This invention has several advantages, e.g. to simplify for the jitter buffer management to fulfil the minimum performance requirement for IMS telephony specified in 3GPP TS 26.114, and to secure a good trade off between quality and delay, by implementing this invention in a VoIP client. Further, the invention provides means to manage a jitter buffer without any knowledge about the actual transmission delay, as well as enabling a precise and reliable estimation of the required number of audio frames needed in a jitter buffer to achieve a certain loss rate, i.e. late audio frame rate. The clock skew between a sender and a receiver will only have a small impact on the estimation, and according to a further embodiment of the invention, the client's play-out state is considered when the jitter buffer size is estimated in order to find the minimum size. Additionally, the low complexity and memory requirements make this invention easy to introduce in mobile terminals.
Since a common characteristic for wireless systems is the high intrinsic delay, and the end-to-end delay requirement for VoIP is the same regardless of the access technology, a wireless system has less time to perform de-jittering than wireline systems. By using this invention, the play-out delay in the jitter buffer can be minimised.
While the invention has been described with reference to specific exemplary embodiments, the description is in general only intended to illustrate the inventive concept and should not be taken as limiting the scope of the invention.

Claims

1-25. (canceled)

26. A method in a receiving terminal of estimating a required jitter buffer depth for a received audio frame of an IP-packet, the method comprising:

for each received audio frame, locating the fastest previously received audio frame by finding an index of the frame transmitted with the lowest transmission delay among a range of the last and previously received audio frames, using stored data;

calculating an estimated required play-out delay for said received audio frame using stored data associated with the received audio frame and with said located fastest previously received audio frame;

transforming said estimated required play-out delay into a required jitter buffer depth.

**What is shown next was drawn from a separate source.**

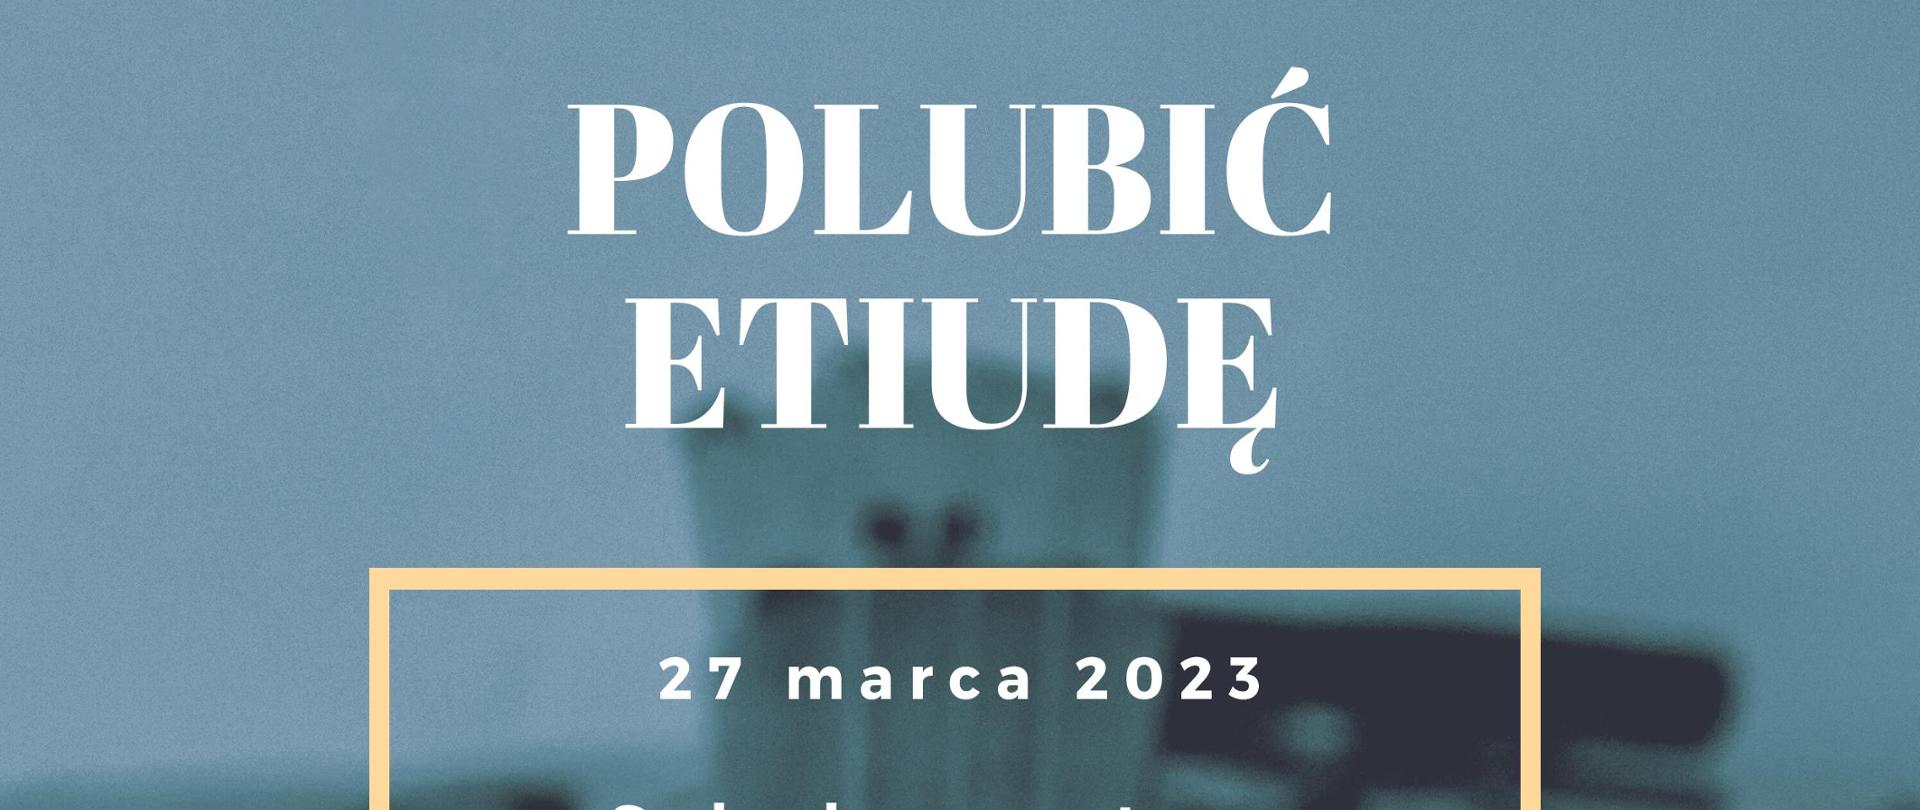 Informacja o konkursie sekcji instrumentów strunowych Polubić etiudę w dniu 27 marca 2023.

27. A method according to claim 26, wherein the step of calculating an estimated play-out delay comprises a determination of an arrival time difference between the received audio frame and the fastest previously received audio frame.

28. A method according to claim 27, wherein the step of calculating an estimated play-out delay further comprises a determination of the difference between said arrival time difference and a time stamp difference between the received audio frame and the fastest previously received audio frame.

29. A method according to claim 26, wherein the step of transforming said estimated play-out delay into a required jitter buffer depth comprises a determination of the relationship between the number of samples of the estimated play-out delay and the number of samples in the received audio frame.

30. A method according to claim 26, further comprising the step of storing the arrival time and the time stamp of each received audio frame.

31. A method according to claim 30, wherein the time stamp for the audio frames of a packet containing multiple audio frames is calculated by adding one additional audio frame length to the RTP packet time stamp for each received audio frame.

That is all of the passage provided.